▶ _ABOUT THIS TASK_:
Each line in the entries that has the word "eines" has to be copied.

────────────────

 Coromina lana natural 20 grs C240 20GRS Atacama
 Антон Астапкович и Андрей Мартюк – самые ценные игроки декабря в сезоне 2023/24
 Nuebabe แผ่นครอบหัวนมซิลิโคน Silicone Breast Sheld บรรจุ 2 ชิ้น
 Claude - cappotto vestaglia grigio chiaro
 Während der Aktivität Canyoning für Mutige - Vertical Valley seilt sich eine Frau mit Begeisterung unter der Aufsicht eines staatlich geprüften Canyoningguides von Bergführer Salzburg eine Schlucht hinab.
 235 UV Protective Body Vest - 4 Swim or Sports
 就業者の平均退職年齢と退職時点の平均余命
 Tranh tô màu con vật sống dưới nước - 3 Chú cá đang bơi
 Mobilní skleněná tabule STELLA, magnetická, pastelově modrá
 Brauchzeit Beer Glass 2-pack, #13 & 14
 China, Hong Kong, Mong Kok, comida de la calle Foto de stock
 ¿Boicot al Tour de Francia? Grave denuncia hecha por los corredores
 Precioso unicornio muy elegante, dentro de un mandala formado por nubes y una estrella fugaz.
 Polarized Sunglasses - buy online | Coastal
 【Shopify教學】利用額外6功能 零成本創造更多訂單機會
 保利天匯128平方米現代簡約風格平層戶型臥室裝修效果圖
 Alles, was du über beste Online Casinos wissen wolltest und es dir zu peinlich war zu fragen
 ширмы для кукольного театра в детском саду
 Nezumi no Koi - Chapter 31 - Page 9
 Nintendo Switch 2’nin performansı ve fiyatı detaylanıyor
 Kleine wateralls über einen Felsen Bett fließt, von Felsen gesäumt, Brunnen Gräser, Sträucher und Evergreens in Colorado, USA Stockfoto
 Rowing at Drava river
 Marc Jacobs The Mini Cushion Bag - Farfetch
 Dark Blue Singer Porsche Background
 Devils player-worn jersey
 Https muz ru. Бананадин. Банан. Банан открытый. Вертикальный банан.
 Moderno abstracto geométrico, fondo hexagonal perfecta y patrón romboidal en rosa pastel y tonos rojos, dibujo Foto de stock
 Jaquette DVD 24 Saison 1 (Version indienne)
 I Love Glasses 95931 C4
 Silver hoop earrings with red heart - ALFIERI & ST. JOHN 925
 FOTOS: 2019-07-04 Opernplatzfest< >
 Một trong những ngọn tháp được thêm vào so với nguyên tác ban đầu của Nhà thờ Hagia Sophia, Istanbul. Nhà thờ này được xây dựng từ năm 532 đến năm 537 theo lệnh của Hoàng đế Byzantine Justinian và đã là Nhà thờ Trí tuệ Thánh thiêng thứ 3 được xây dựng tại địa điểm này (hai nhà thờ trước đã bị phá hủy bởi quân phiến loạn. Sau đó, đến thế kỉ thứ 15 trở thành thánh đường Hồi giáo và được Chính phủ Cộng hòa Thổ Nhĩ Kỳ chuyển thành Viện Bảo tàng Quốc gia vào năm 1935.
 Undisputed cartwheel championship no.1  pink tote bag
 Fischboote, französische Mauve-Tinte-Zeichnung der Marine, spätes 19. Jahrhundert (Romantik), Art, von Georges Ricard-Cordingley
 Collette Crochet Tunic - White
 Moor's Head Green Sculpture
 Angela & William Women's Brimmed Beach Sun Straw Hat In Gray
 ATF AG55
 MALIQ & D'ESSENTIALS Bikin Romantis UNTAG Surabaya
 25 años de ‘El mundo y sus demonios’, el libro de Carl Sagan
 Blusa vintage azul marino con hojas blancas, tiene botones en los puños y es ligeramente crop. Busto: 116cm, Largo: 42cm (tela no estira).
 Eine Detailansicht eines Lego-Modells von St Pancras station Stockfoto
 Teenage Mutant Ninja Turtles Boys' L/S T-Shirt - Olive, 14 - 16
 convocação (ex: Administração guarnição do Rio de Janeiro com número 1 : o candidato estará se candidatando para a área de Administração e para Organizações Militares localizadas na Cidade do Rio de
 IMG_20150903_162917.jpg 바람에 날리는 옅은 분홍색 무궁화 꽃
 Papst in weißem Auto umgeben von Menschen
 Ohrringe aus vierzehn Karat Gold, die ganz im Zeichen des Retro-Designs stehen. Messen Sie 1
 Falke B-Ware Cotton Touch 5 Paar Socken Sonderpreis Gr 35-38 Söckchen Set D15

────────────────

▶ _PROBLEM SOLUTION_:
 Während der Aktivität Canyoning für Mutige - Vertical Valley seilt sich eine Frau mit Begeisterung unter der Aufsicht eines staatlich geprüften Canyoningguides von Bergführer Salzburg eine Schlucht hinab.
 Eine Detailansicht eines Lego-Modells von St Pancras station Stockfoto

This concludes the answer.